A Study of Sorafenib in Patients With Chemonaive Metastatic Uveal Melanoma
Status:
Unknown status
Trial end date:
2017-06-01
Target enrollment:
Participant gender:
Summary
Uveal melanoma is the most common primary intra-ocular malignancy in adults with an incidence
of 0.6 - 0.7 per 100,000 per year.
Prognosis of metastatic uveal melanoma is poor. In retrospective analyses a median survival
time after detection of metastases of 5 months (Flaherty et al, 1998) and 7 months (Kath et
al, 1993) was reported. For patients receiving no treatment reported median survival was 2.0
months compared with 5.2 months for those receiving treatment for metastases (Gragoudas et
al, 1991).
Up to now there is no established treatment of metastatic uveal melanoma. Some therapeutic
approaches with locoregional treatment or systemic chemotherapy have been undertaken:
In case of metastatic disease which is confined to the liver in about 85% of patients with
uveal melanoma surgical resection led to a median survival of 14 months (Mariani et al, 2009)

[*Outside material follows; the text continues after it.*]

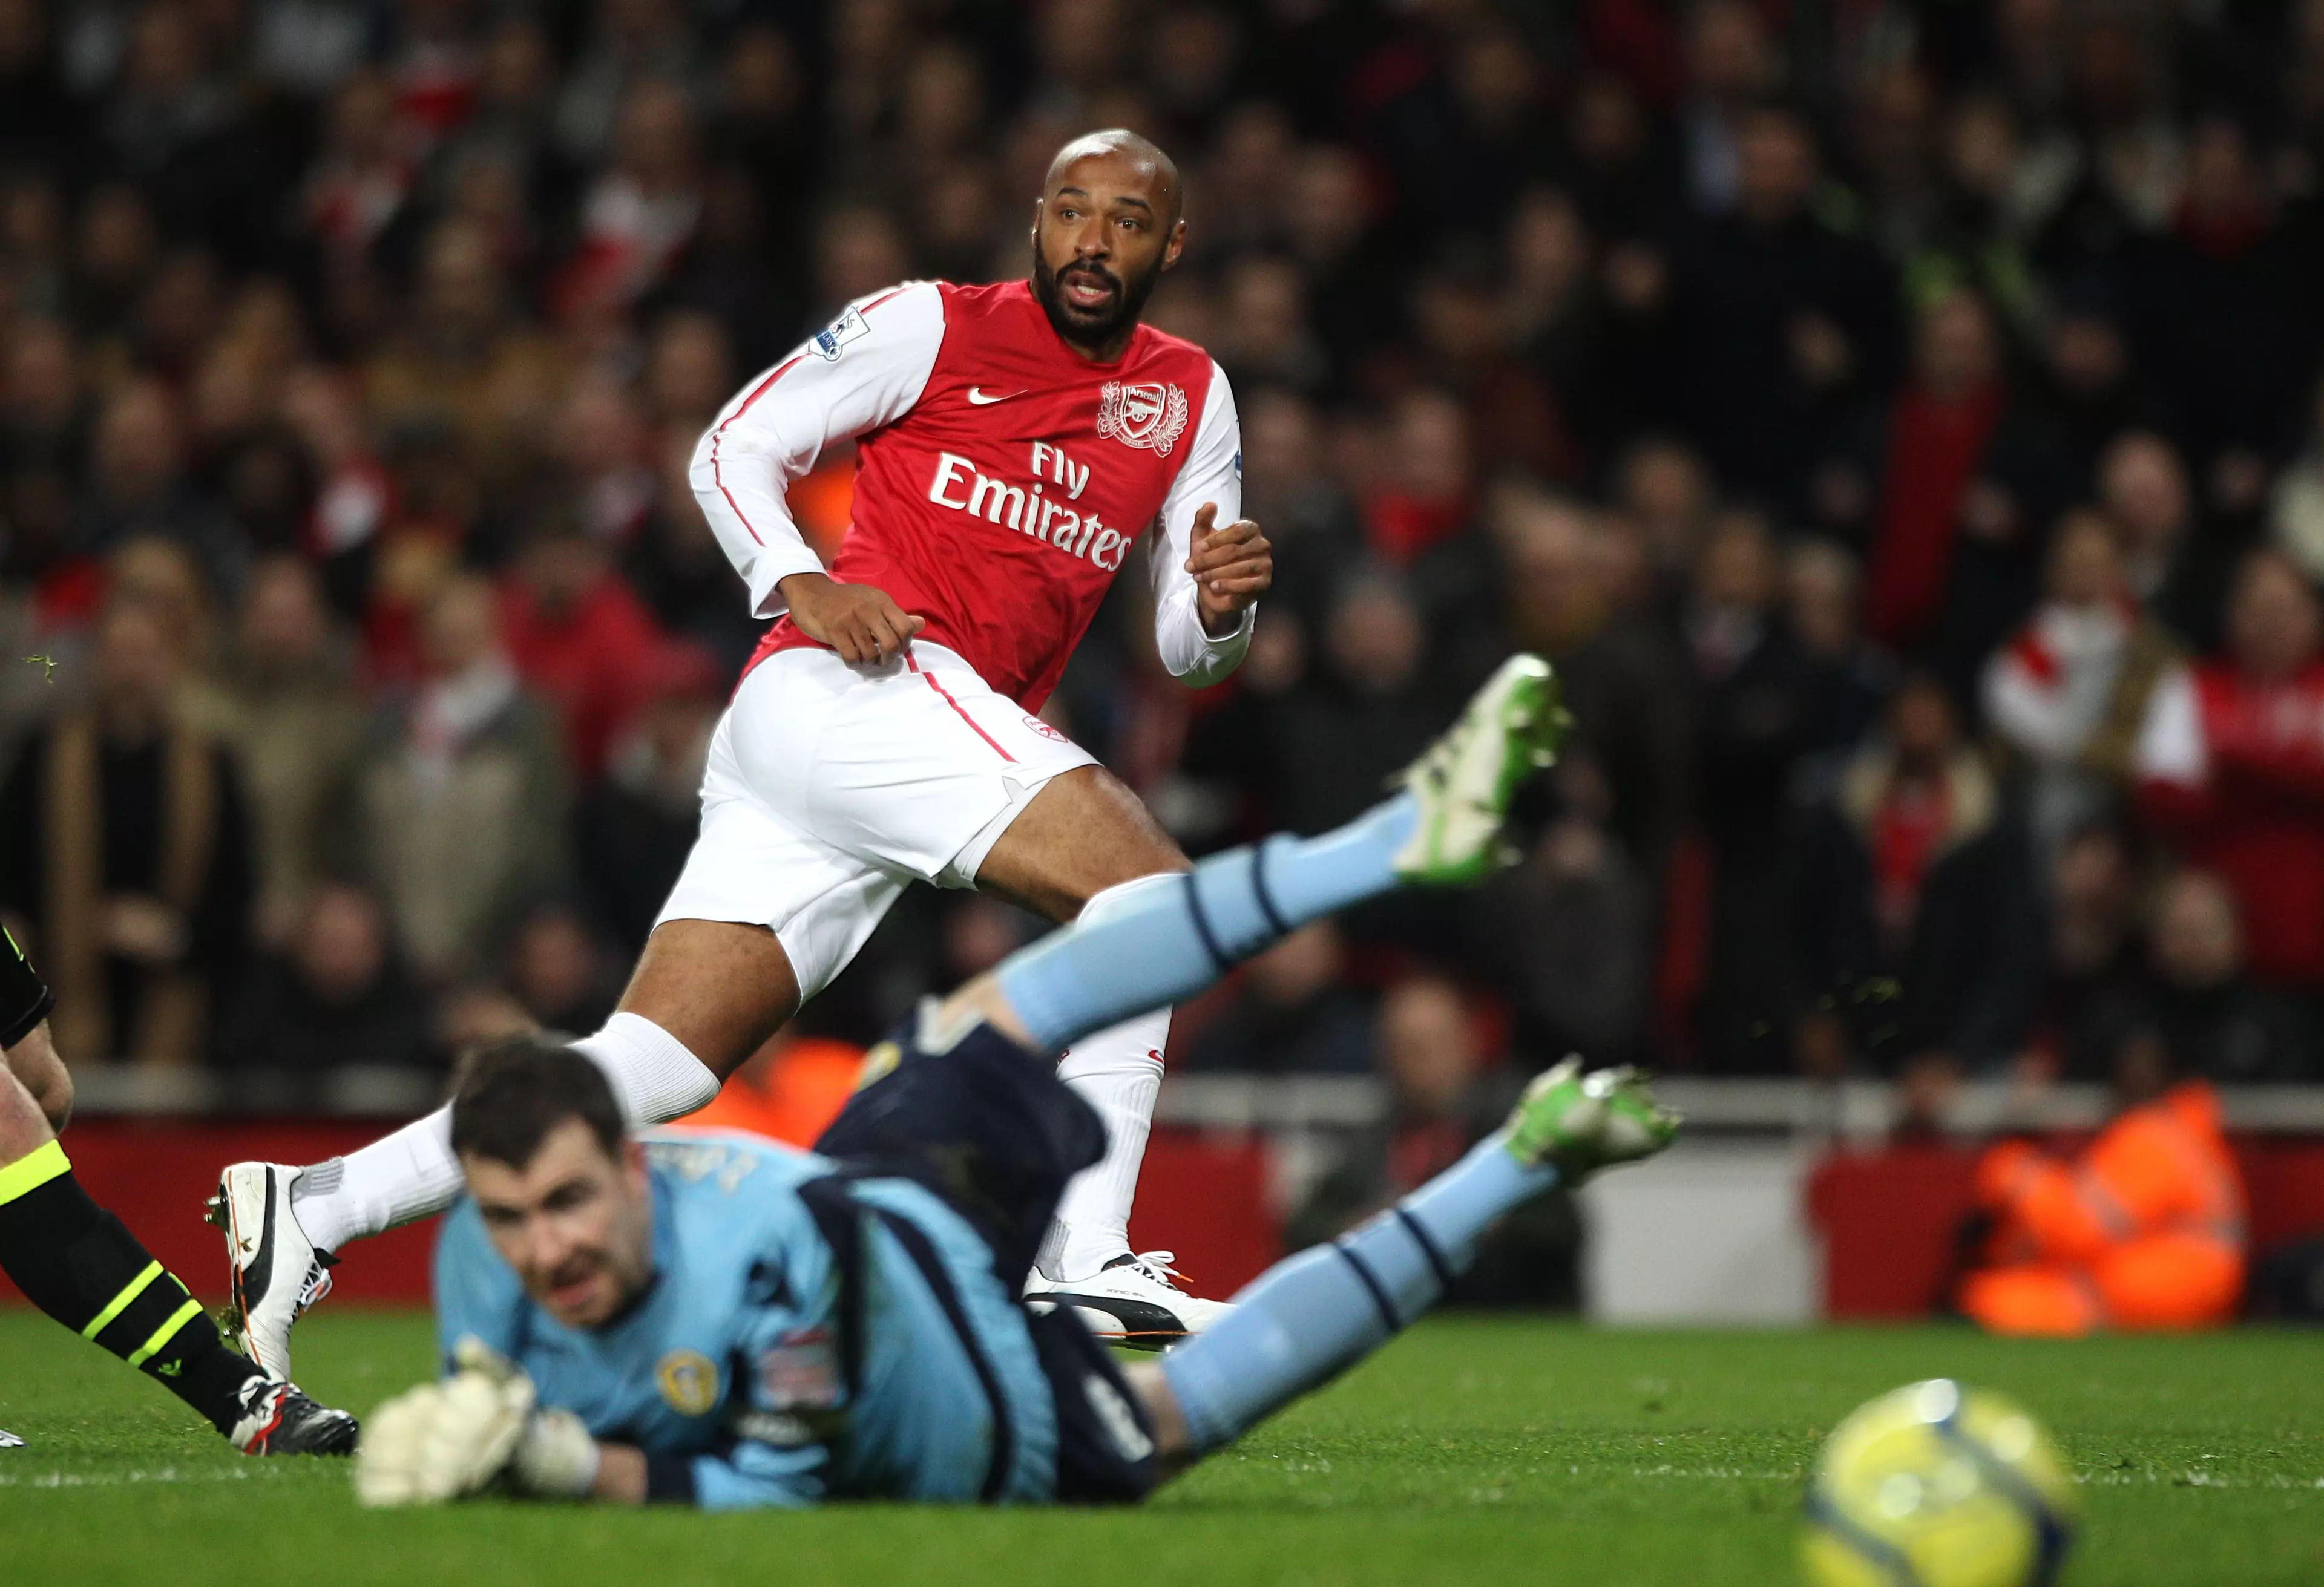 Arsenal's Thierry Henry scores the opening goal of the game. Image: PA

or 19 months and a 5-year survival rate of 22% in a selected patient population (Adam et al,
2006).
As locoregional treatment option treatment with fotemustine via direct intra-arterial hepatic
infusion was investigated and led to a median survival of 15 months (Peters et al, 2006).
This was not a randomized trial, but a report on 101 consecutive treated patients. Additional
debulking surgery was performed whenever feasible.
A randomized phase III trial comparing intra-arterial hepatic fotemustine administration with
intravenous systemic fotemustine and overall survival as primary endpoint is still ongoing
(EORTC 18021).
Thus, no systemic chemotherapy is approved for metastatic uveal melanoma. Although no
specific genes have been linked to the pathogenesis of uveal melanoma, preclinical studies
suggest potential benefit of inhibitors of Bcl-2, ubiquitin-proteasome, histone deactylase,
mitogen-activated protein kinase and phosphatidylinositol-3-kinase-AKT pathways, and receptor
tyrosine kinases.
Thus, sorafenib as inhibitor of b-Raf and Raf-1 (c-Raf or c-Raf-1), pro-angiogenic vascular
endothelial growth factor receptor (VEGFR), and platelet-derived growth factor receptor
(PDGFR) may potentially lead to a benefit for patients with metastatic uveal melanoma in
terms of disease control and prolongation of survival.